The data
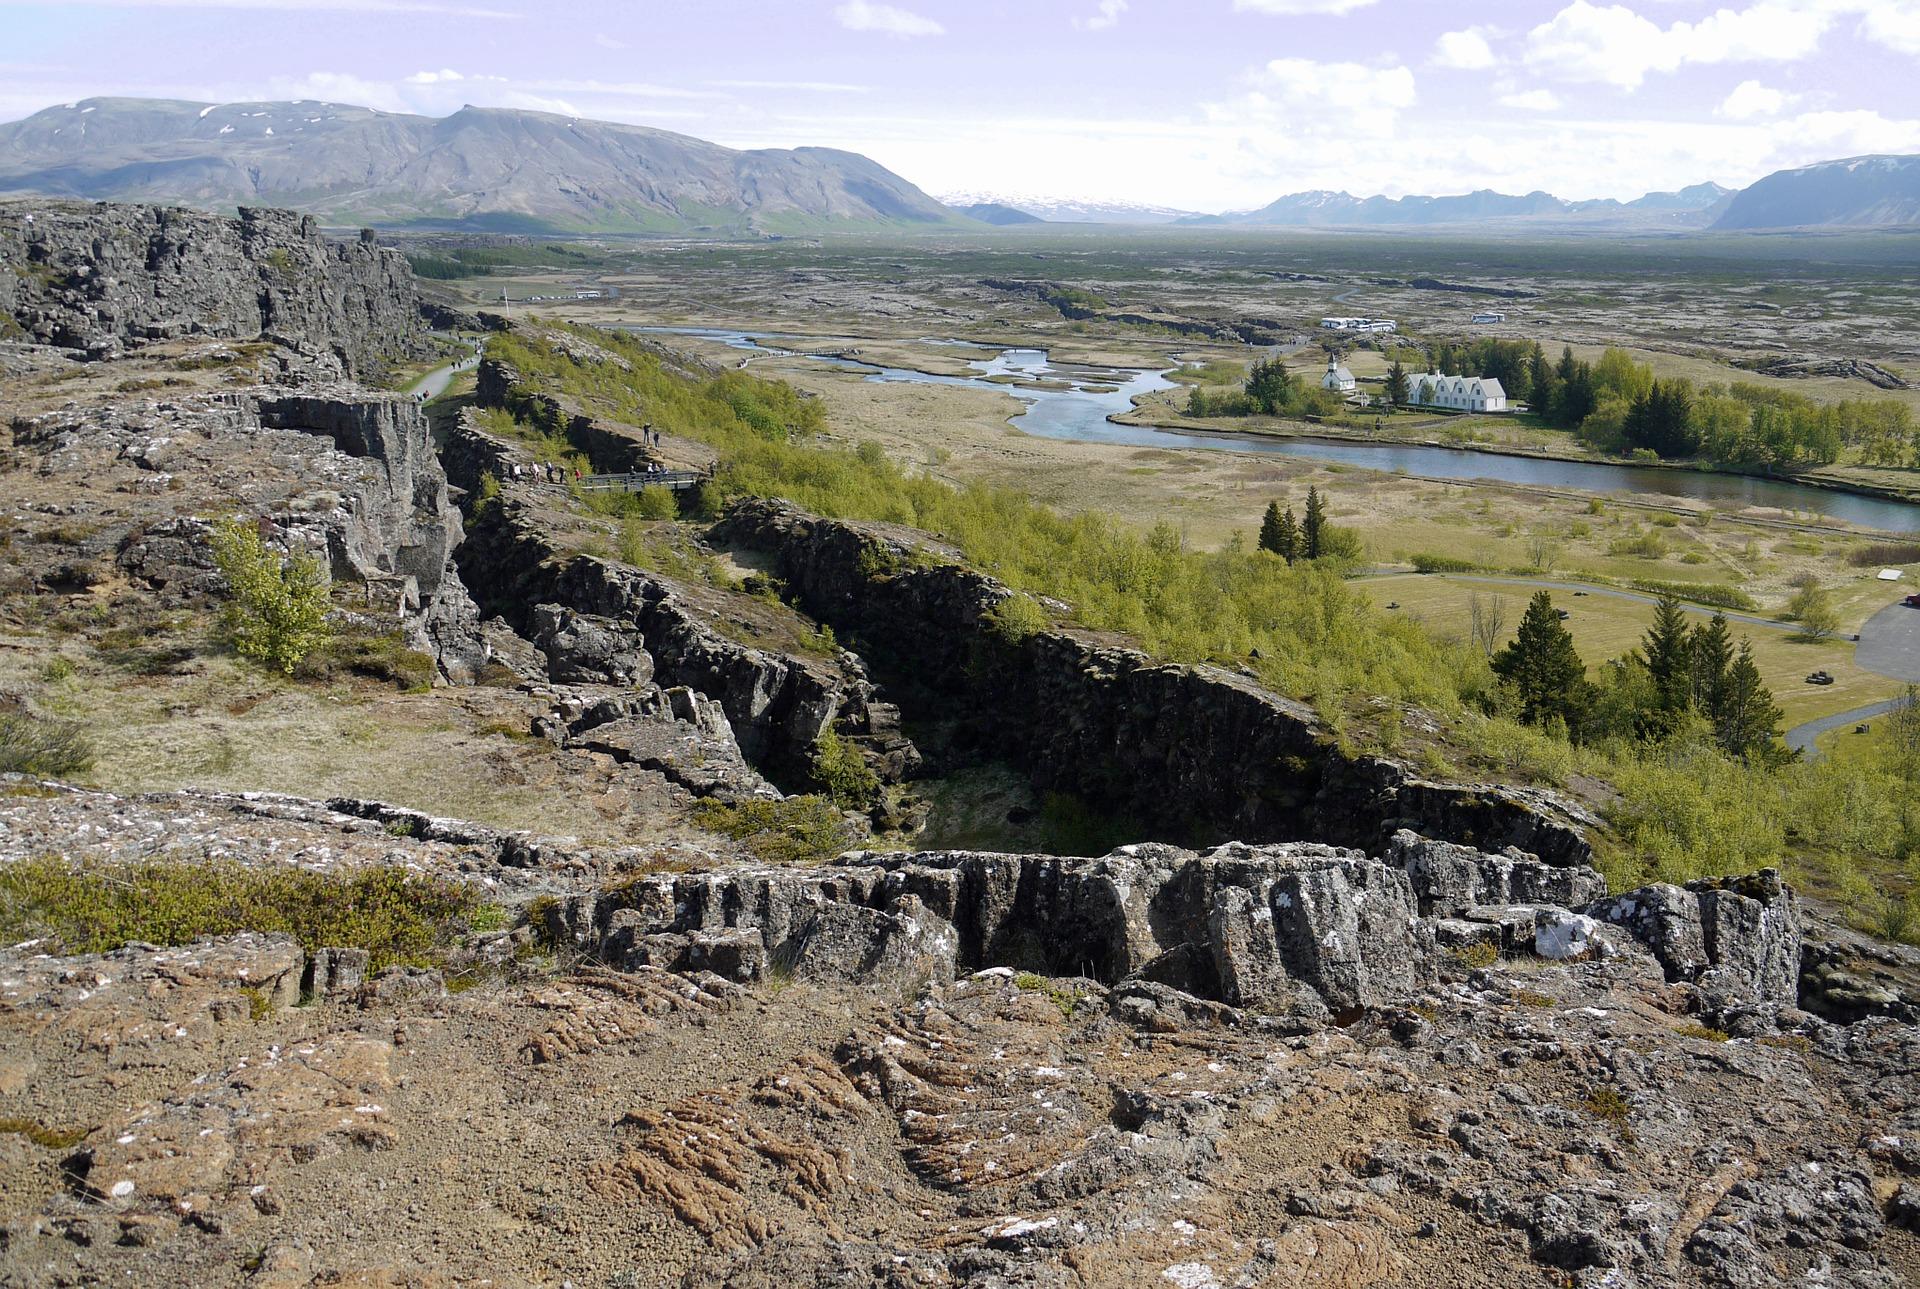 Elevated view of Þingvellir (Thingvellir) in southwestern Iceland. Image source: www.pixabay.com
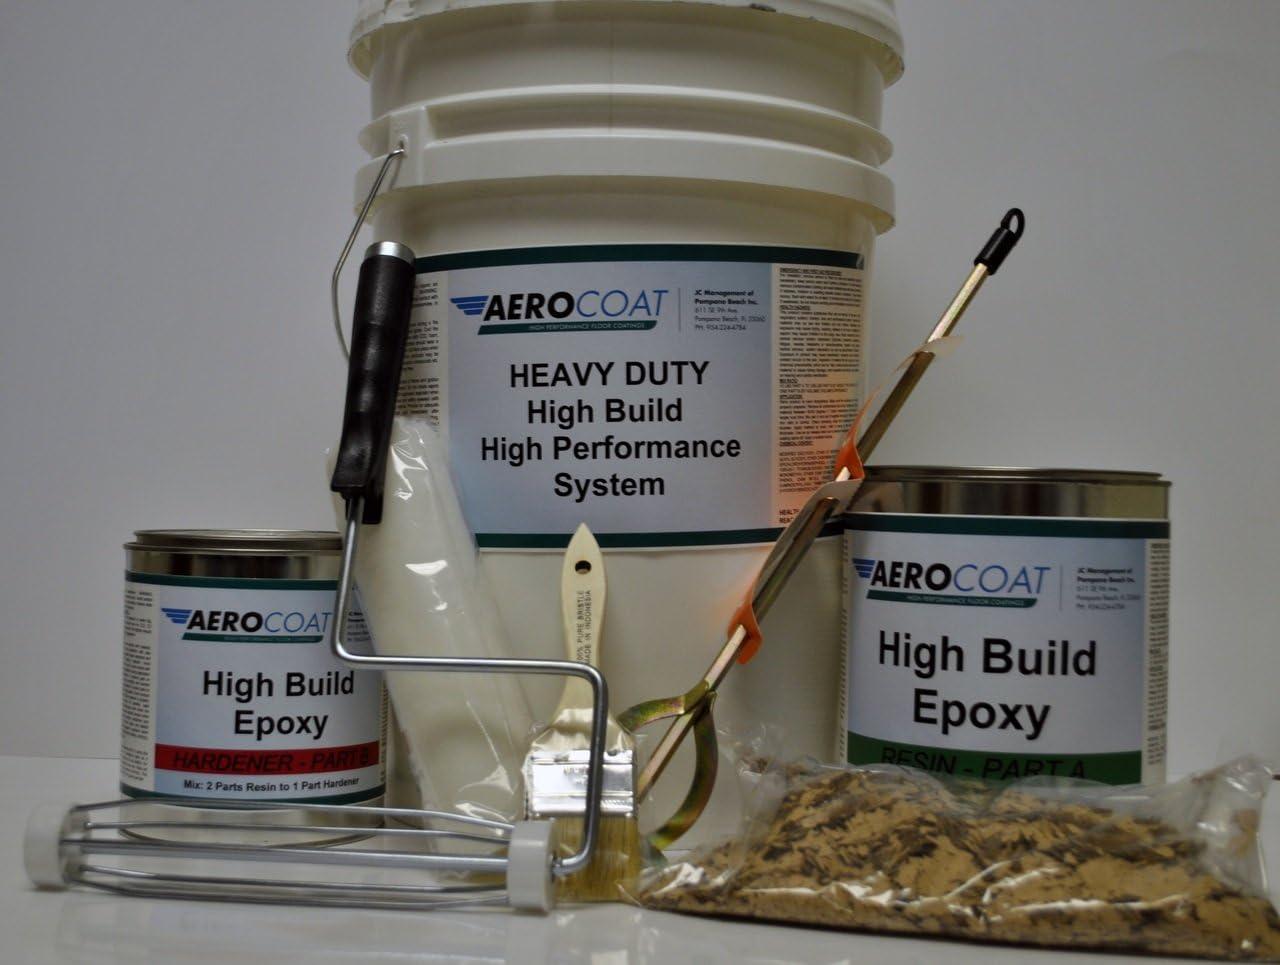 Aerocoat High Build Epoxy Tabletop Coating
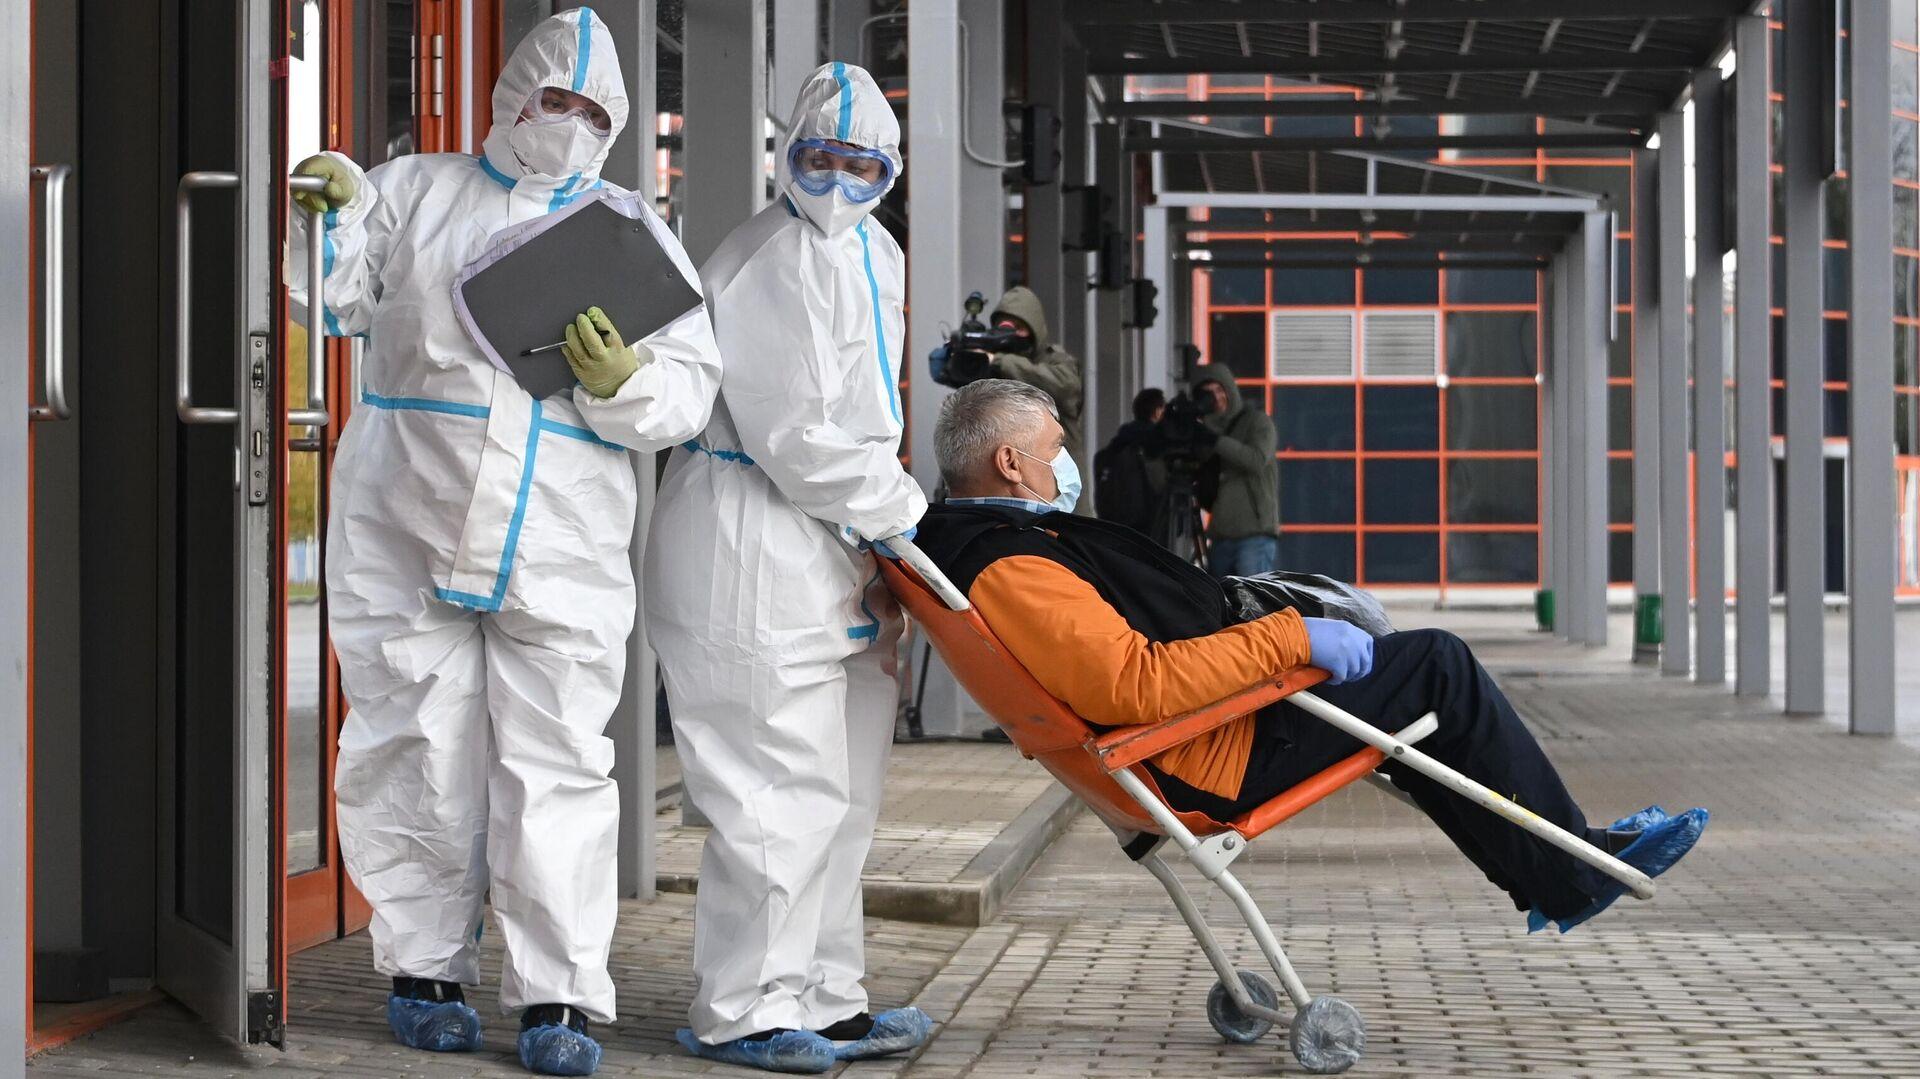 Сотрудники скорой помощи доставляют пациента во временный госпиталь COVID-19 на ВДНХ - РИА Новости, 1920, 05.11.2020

Description of the task
Copy exactly, please, the lines that run from the line holding "Aerocoat High Build Epoxy Tabletop Coating" through the closing line of the material above, omitting every picture.

Written response
 Aerocoat High Build Epoxy Tabletop Coating
 Сотрудники скорой помощи доставляют пациента во временный госпиталь COVID-19 на ВДНХ - РИА Новости, 1920, 05.11.2020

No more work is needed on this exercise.